*** RECORD EXCERPTS ***

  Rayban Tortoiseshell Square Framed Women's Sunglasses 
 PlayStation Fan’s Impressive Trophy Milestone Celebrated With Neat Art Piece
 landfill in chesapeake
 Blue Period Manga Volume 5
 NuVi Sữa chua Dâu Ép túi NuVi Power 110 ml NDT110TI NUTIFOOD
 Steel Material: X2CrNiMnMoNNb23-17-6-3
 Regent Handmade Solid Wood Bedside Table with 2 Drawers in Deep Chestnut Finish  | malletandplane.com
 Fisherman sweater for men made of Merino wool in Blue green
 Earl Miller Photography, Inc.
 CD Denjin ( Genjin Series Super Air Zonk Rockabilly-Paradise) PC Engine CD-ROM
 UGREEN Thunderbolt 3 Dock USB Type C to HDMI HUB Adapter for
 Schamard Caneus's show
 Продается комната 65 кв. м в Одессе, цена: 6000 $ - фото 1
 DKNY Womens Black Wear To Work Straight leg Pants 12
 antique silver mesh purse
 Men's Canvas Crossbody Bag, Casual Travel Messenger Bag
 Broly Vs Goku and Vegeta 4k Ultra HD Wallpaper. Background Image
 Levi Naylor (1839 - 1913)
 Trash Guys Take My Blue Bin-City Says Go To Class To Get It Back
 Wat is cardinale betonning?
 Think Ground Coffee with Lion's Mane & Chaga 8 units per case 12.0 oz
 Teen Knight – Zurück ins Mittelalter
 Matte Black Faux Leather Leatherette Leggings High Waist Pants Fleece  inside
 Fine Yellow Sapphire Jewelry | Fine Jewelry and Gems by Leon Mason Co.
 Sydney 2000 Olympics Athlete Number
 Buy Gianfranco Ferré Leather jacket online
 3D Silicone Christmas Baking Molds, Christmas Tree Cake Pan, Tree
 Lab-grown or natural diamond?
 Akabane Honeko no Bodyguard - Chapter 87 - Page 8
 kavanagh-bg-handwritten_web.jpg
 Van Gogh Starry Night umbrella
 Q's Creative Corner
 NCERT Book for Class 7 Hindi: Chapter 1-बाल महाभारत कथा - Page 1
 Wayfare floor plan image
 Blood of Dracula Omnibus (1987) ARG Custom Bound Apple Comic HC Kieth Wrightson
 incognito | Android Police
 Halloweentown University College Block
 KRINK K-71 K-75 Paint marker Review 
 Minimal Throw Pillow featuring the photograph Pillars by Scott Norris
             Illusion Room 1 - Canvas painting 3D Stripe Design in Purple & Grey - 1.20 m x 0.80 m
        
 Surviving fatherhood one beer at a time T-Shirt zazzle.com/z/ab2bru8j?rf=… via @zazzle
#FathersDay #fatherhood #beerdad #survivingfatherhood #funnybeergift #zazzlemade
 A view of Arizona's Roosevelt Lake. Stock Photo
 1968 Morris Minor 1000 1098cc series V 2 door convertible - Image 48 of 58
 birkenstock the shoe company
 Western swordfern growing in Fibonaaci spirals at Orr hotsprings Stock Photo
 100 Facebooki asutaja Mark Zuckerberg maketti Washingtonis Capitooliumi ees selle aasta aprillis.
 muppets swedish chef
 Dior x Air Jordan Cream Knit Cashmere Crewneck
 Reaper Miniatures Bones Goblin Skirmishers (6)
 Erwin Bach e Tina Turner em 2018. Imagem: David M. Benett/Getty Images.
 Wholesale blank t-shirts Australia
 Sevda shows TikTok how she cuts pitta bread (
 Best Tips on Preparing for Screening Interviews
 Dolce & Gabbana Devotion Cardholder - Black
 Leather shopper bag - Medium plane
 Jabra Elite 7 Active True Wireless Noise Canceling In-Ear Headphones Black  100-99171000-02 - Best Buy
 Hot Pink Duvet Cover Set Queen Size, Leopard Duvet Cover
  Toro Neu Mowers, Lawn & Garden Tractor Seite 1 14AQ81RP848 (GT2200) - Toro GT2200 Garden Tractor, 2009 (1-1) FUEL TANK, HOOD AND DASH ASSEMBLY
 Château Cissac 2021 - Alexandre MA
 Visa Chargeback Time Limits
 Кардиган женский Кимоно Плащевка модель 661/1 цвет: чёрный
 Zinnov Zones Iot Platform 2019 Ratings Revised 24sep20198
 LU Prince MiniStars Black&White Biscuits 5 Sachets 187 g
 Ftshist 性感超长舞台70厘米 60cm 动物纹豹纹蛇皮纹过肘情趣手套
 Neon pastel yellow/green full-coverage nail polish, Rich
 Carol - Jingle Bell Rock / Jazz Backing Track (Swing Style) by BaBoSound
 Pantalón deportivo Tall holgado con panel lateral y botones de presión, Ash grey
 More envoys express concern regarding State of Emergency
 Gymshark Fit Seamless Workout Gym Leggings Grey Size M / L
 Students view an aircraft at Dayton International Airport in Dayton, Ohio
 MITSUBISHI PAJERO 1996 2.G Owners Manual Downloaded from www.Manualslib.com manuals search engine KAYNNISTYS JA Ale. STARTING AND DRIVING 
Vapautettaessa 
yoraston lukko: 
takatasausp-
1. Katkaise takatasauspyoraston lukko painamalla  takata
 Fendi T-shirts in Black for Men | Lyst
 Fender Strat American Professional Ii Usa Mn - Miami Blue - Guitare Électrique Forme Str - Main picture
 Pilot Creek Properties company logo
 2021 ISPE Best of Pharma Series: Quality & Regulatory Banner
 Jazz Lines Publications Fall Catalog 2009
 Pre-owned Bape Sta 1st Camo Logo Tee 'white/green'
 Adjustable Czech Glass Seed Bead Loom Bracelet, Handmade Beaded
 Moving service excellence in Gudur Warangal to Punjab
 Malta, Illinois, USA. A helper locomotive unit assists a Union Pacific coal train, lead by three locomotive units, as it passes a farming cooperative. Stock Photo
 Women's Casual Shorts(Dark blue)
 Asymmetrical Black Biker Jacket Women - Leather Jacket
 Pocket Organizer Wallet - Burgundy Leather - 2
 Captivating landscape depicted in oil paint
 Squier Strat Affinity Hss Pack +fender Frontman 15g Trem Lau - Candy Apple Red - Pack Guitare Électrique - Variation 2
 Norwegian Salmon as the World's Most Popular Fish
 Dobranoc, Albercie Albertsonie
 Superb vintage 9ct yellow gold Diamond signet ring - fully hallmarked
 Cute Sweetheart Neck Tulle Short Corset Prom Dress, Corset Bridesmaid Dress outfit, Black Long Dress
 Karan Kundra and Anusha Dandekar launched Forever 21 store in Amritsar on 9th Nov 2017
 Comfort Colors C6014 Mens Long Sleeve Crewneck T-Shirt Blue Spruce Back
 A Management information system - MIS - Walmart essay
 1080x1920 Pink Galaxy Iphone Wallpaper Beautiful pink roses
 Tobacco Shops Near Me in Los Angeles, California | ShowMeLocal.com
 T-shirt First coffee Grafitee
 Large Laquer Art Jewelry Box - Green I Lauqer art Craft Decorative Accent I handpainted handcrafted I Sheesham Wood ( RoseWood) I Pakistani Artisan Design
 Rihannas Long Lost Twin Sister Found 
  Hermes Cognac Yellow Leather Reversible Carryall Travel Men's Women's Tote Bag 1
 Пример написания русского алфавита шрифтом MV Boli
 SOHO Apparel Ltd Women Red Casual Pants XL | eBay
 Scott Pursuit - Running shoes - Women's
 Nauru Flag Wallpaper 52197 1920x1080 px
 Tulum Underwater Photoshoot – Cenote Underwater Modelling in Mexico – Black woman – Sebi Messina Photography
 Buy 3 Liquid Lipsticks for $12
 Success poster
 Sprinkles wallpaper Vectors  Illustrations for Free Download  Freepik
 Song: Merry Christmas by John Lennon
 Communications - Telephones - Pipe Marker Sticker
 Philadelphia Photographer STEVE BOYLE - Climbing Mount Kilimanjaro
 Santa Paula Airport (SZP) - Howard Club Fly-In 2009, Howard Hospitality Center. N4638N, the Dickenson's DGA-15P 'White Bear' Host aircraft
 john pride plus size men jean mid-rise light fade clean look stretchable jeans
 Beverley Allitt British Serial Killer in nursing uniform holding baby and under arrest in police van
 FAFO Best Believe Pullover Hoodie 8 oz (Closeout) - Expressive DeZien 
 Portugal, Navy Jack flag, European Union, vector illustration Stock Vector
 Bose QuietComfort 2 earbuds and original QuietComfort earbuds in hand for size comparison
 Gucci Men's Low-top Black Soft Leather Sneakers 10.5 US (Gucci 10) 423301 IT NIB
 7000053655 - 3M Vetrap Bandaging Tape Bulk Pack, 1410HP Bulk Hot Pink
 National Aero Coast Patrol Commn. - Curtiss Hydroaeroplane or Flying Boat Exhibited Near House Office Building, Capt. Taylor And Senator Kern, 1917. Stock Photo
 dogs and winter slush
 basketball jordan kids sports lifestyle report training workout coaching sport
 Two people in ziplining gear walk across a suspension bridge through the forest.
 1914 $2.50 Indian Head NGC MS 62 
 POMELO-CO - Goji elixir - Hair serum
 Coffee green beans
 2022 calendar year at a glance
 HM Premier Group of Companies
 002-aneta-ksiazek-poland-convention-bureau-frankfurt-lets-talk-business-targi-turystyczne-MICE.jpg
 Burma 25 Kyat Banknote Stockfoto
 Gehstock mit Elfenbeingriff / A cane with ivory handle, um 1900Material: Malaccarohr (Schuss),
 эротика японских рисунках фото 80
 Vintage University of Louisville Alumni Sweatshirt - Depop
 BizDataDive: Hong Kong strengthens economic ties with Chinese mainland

*** End of RECORD EXCERPTS ***

| WORK ITEM |
Retype exactly, and only, the lines above from the one where "Sydney 2000 Olympics Athlete Number" occurs up to and including the one where "Surviving fatherhood one" occurs.

| EXERCISE ANSWER |
 Sydney 2000 Olympics Athlete Number
 Buy Gianfranco Ferré Leather jacket online
 3D Silicone Christmas Baking Molds, Christmas Tree Cake Pan, Tree
 Lab-grown or natural diamond?
 Akabane Honeko no Bodyguard - Chapter 87 - Page 8
 kavanagh-bg-handwritten_web.jpg
 Van Gogh Starry Night umbrella
 Q's Creative Corner
 NCERT Book for Class 7 Hindi: Chapter 1-बाल महाभारत कथा - Page 1
 Wayfare floor plan image
 Blood of Dracula Omnibus (1987) ARG Custom Bound Apple Comic HC Kieth Wrightson
 incognito | Android Police
 Halloweentown University College Block
 KRINK K-71 K-75 Paint marker Review 
 Minimal Throw Pillow featuring the photograph Pillars by Scott Norris
             Illusion Room 1 - Canvas painting 3D Stripe Design in Purple & Grey - 1.20 m x 0.80 m
        
 Surviving fatherhood one beer at a time T-Shirt zazzle.com/z/ab2bru8j?rf=… via @zazzle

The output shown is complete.